As this post on the Google open source blog, regular expressions are pretty fundamental to much advanced hackery. Most implementations, however, share a fairly horrific worst case in terms of time and space complexity. That is to say, under certain circumstances, evaluating a regular expression over a large enough amount of input could hang forever, gobble up all memory allocated to its thread or threads, or both.
Google has been gobbling up the brightest computer scientists and software engineers at a prodigious pace. RE2, their new regular expressions library, is the latest dividend of their carefully hoarded brain trust. The search giant claims their improved implementation completes in linear time and won’t overflow the stack space of its threads. Put simply, they’ve fixed the potential worst case for this critical Swiss Army knife software tool.
Like Go, this is another stab at speeding up the fundamentals most of us building software take for granted. Beyond the worst case, I would imagine such a startlingly different approach may also speed up the more typical cases.

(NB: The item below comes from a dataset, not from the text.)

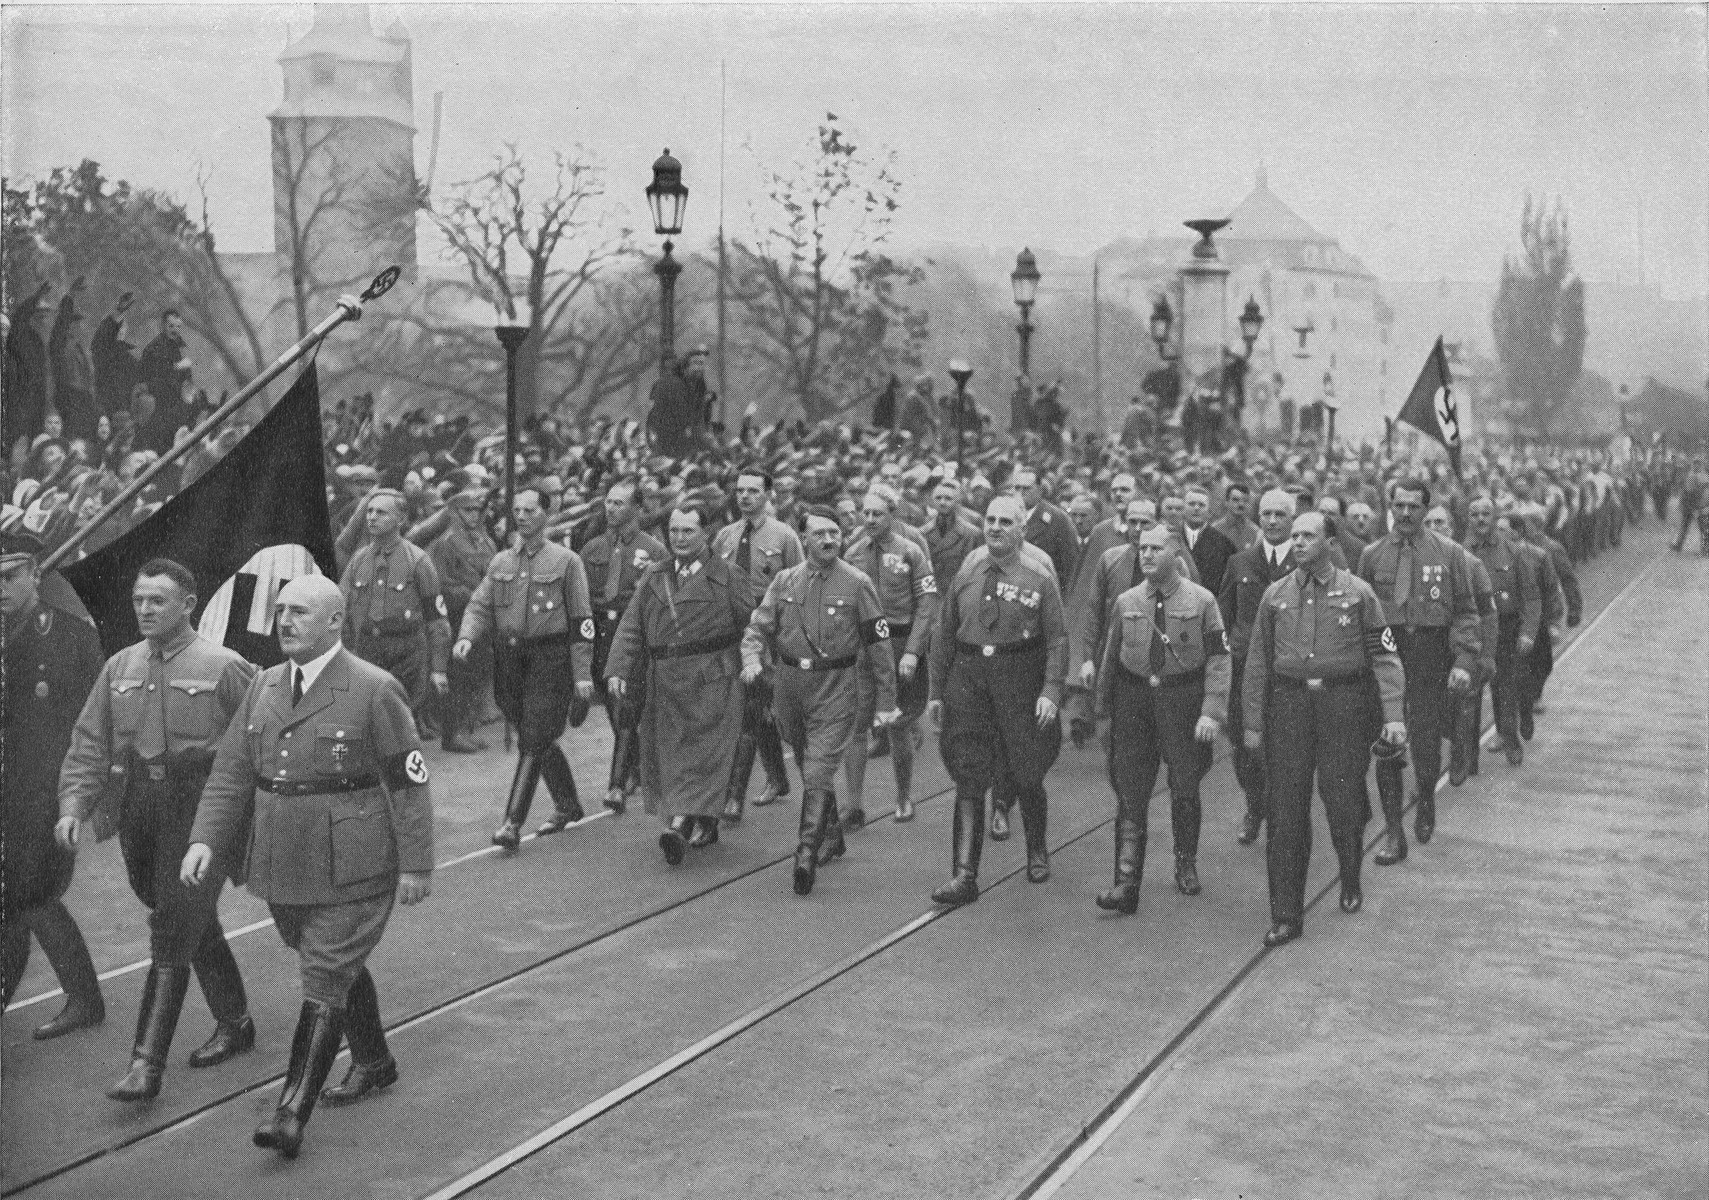 Adolf Hitler (center, front row) and Hermann Goering (third from left, front row) lead a march through the streets of Munich to commemorate the November 8-9, 1923 Beer Hall Putsch. Julius Streicher marches with the Nazi colors (lower left corner, third from left).

The release is available under a very permissive BSD license. It won’t take long for the wider community to vet their claims. If RE2 lives up to its promise, I imagine it won’t take long to spread far and wide.
Update: See Philip’s comment below. The predictable performance of RE2 comes at a considerable price: it doesn’t support back references. Back references let you re-use part of an expression, the value a group actually matched, later in the expression. They are intensely useful and based on my own experience, I would hesitate quite a bit more at the trade off Russ Cox suggests is so simple.